Her team successfully achieved fusion ignition—something other scientists had been trying for more than 60 years. U.S. Department of Energy Secretary Jennifer Granholm called the accomplishment “one of the most impressive scientific feats of the 21st century.”

This breakthrough is, in part, the result of the University of Michigan’s decades of leadership in nuclear energy research. The University’s Nuclear and Radiological Sciences department, the second oldest of its type, is consistently ranked No. 1 in the country. The Michigan Memorial Phoenix Project, established following World War II, has been investigating peaceful uses of nuclear technology since 1953. This long-term dedication and record of excellence has cemented Michigan Engineering and its graduates as leaders in fusion research.

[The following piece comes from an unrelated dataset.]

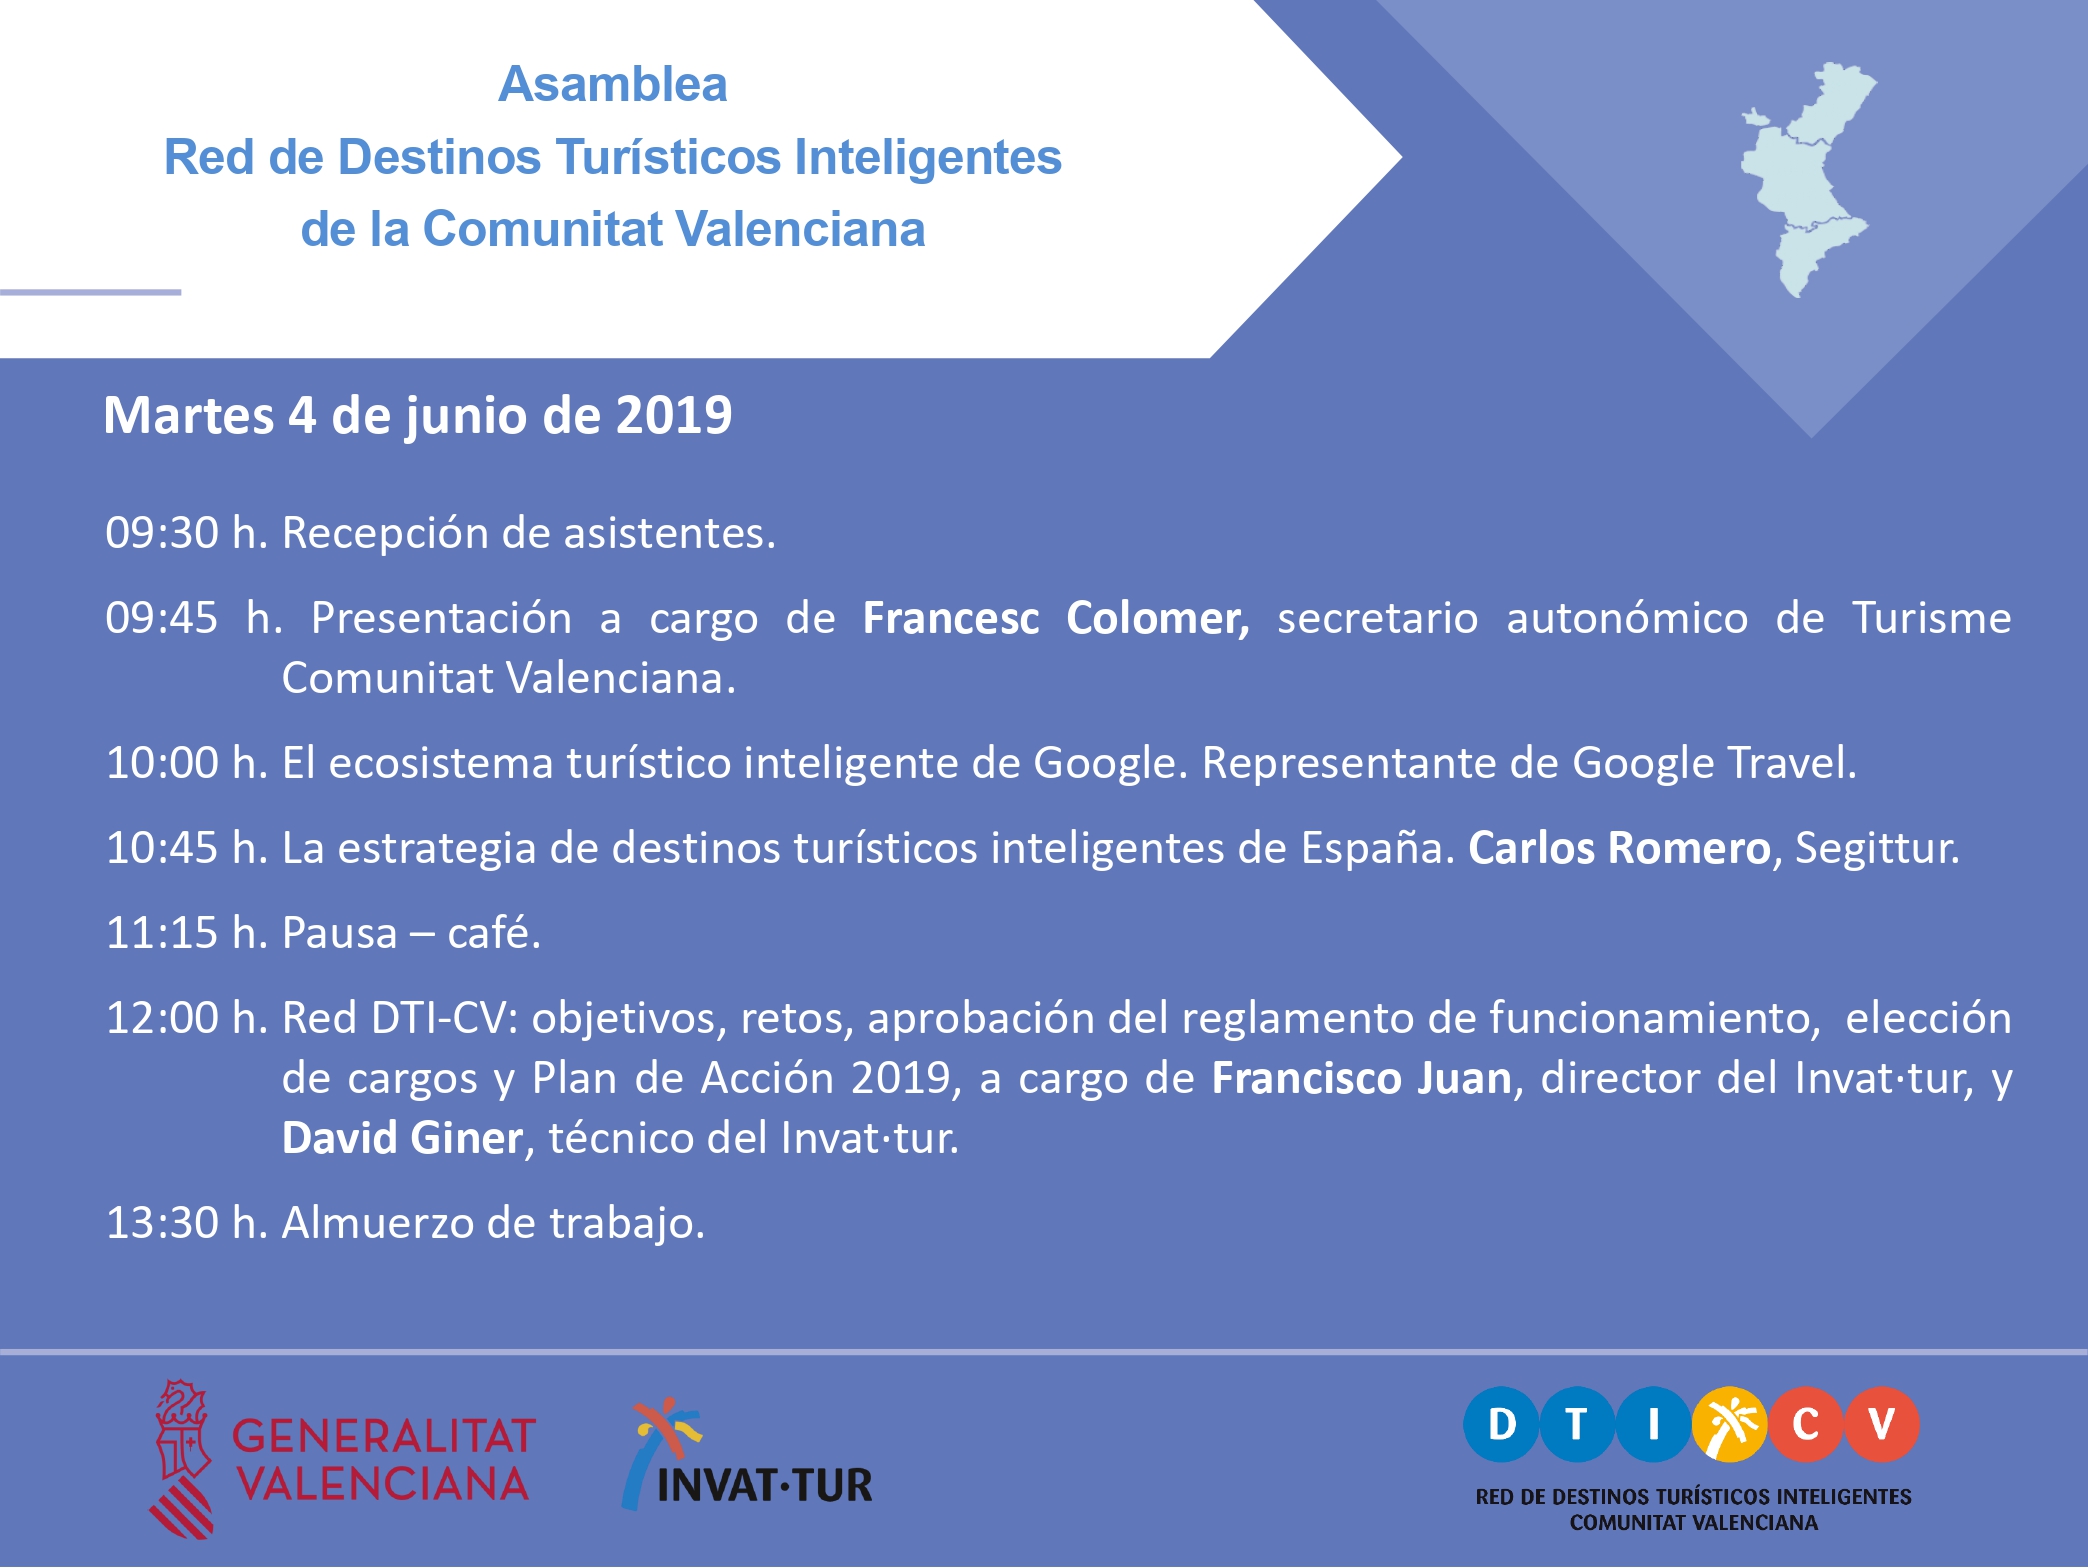 Programa de la Asamblea de la Red de Destinos Turísticos Inteligentes de la Comunitat Valenciana, Red DTICV, 2019

Two people stand in a metallic lab holding a target assembly. They both are wearing safety helmets and business suits.
Caption: Lawrence Livermore National Laboratory (LLNL) physicists Alex Zylstra and Annie Kritcher stand in the National Ignition Facility (NIF) Target Bay holding a target assembly. Photo: Mark Meamber

Abundant clean energy could radically change what is possible in sustainability. It could power global economies without exacerbating global warming. And it is key to scaling recycling, making the recovery of materials that have already been made into products cost-competitive with mining, drilling or otherwise harvesting new raw materials. 

That’s why researchers in academia and industry alike have been chasing the dream of fusion for decades. Today, they’re driven by the urgency of addressing climate change and, in the case of the dozens of private startups that have sprung up in recent years, the potential payoff of a lucrative new energy source.

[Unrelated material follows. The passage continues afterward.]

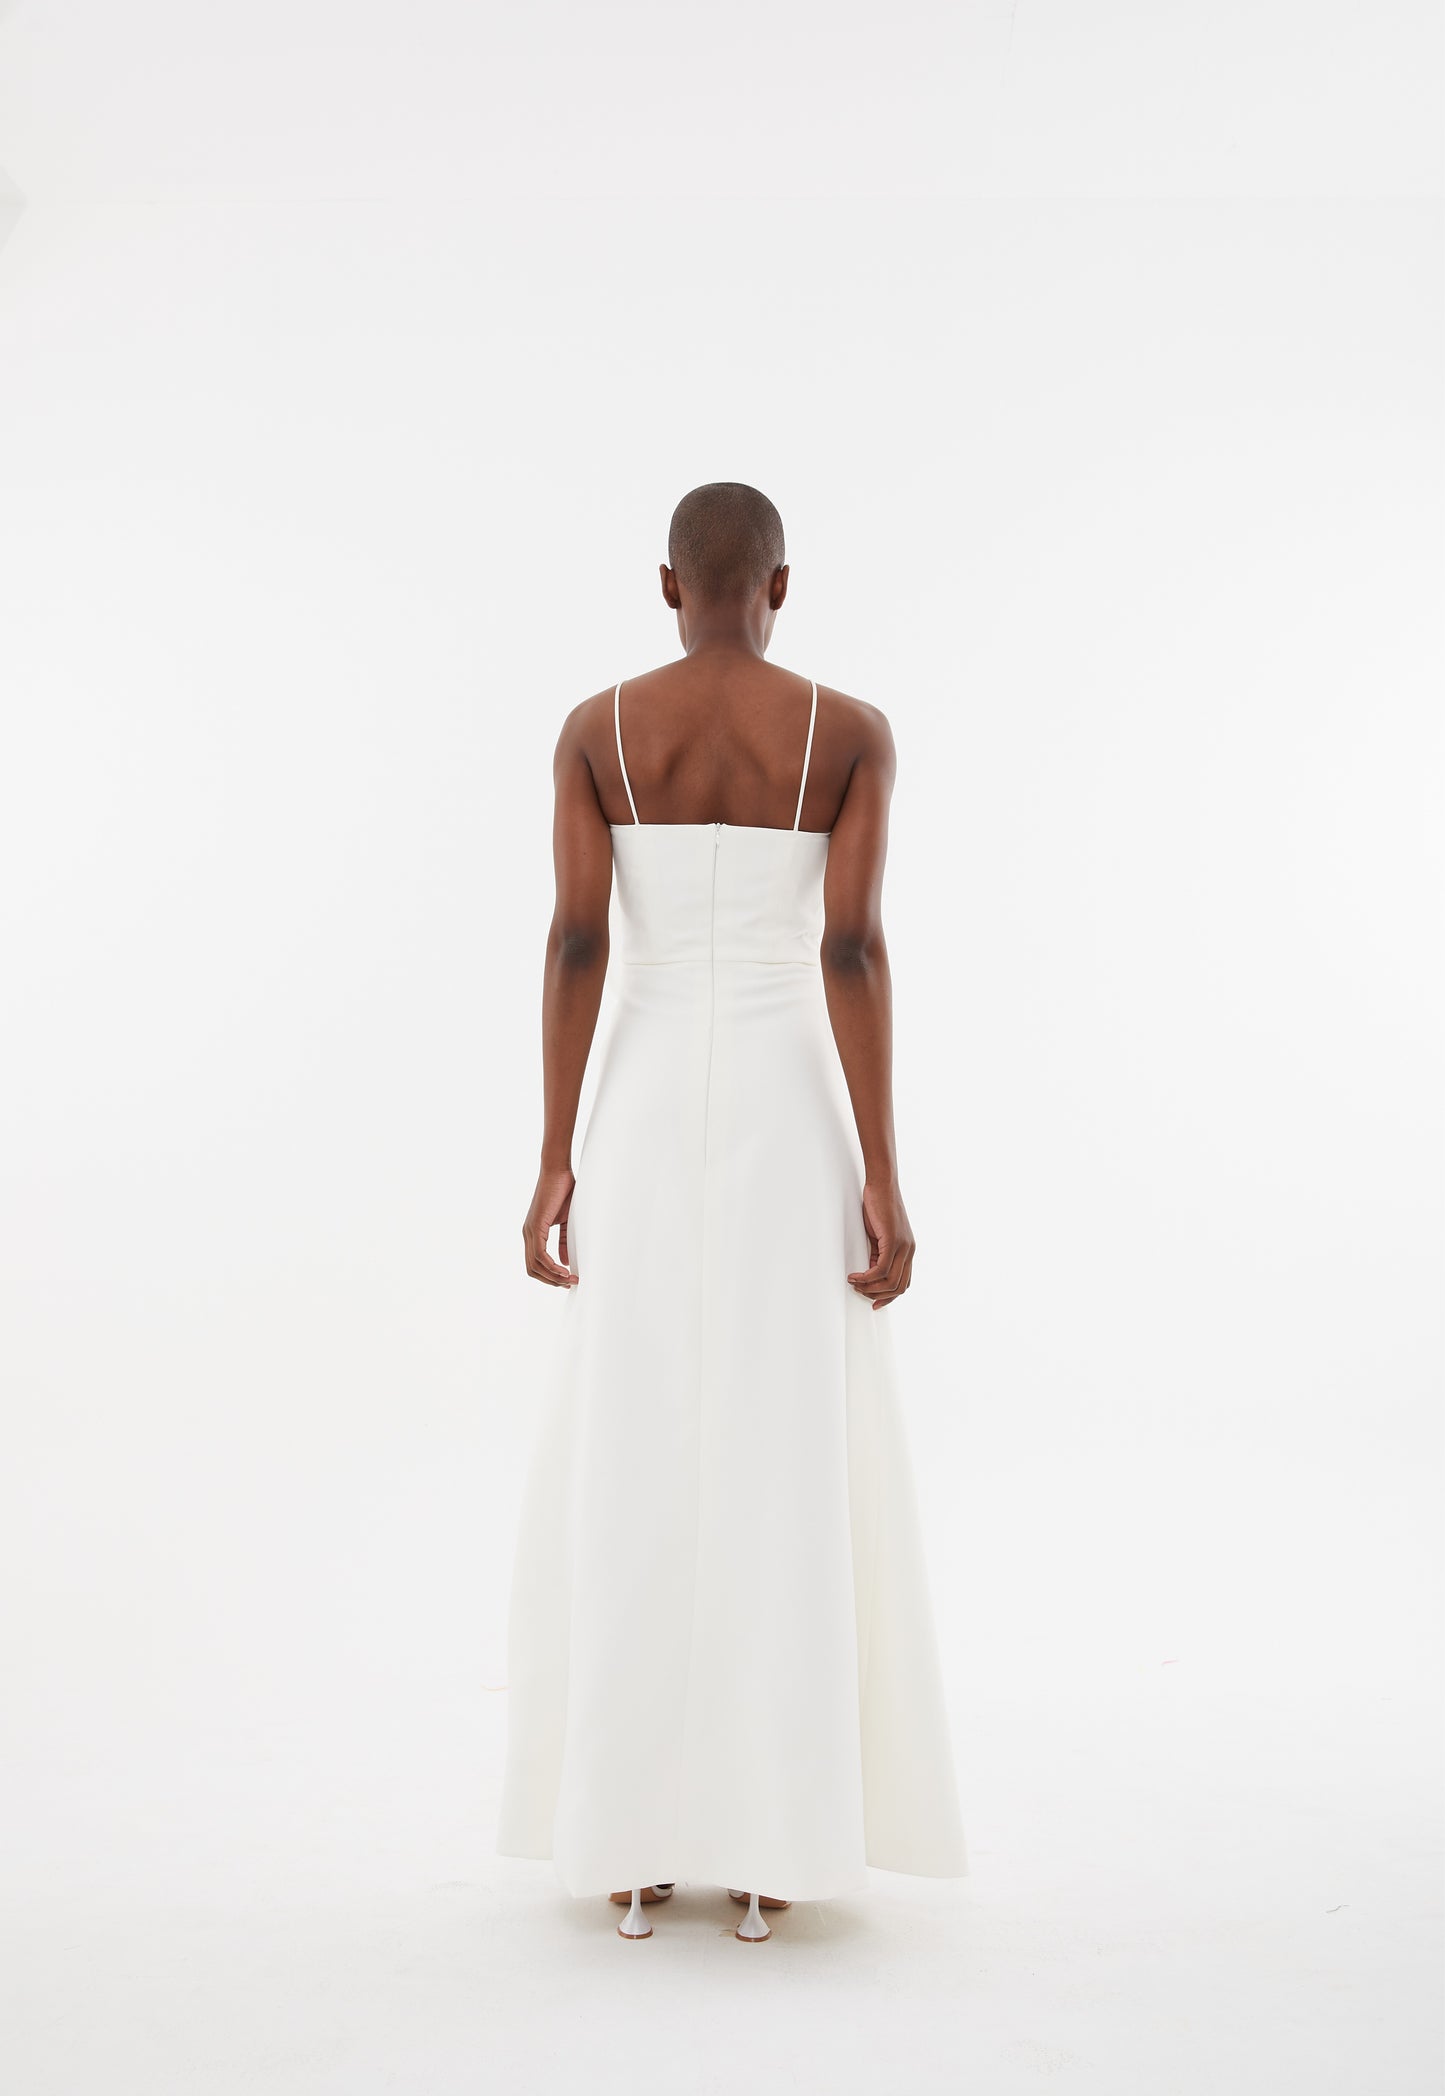 LAGOON DRESS - WHITE

The private fusion startups—more than 30 of them as of an October 2021 survey by the Washington D.C.-based Fusion Industry Association—have attracted more than $5 billion in funding from the likes of Google, Bill Gates, Jeff Bezos, Shell Oil Company and others. 

One of the most well-funded, Helion Energy, was founded by Michigan Engineering alum David Kirtley. Helion is betting that it can generate fusion power with a series of pulsed fusion reactions rather than a self-sustaining reaction—more like a string of firecrackers than a campfire. This string of reactions would take place at lower temperatures than larger fusion reactors, sidestepping some physics challenges and, the company claims, enabling smaller, cheaper fusion generators that could fit onto a train car or a tractor trailer.

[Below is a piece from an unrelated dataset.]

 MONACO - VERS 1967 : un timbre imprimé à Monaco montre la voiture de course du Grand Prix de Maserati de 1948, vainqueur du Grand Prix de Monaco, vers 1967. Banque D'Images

Kirtley claims that Helion will demonstrate electricity production by 2024, and the company has a contract to begin selling power to Microsoft in 2028.

But while Kritcher’s research literally changed the field overnight, and these startups have ambitious plans for the near-future, other fusion researchers say it will likely still be decades before fusion supplies significant amounts of energy to the grid.

“I believe we’re in a period similar to when fission scientists were still doing bench-top experiments in their labs,” said Ryan McBride, a U-M professor of nuclear engineering and radiological sciences and director of U-M’s Plasma, Pulsed Power, and Microwave Laboratory. “It’s just such a big leap to go from demonstrating ignition to getting fusion power on the grid. Are we 20 years away? I don’t know, it could be another 50 years easily.”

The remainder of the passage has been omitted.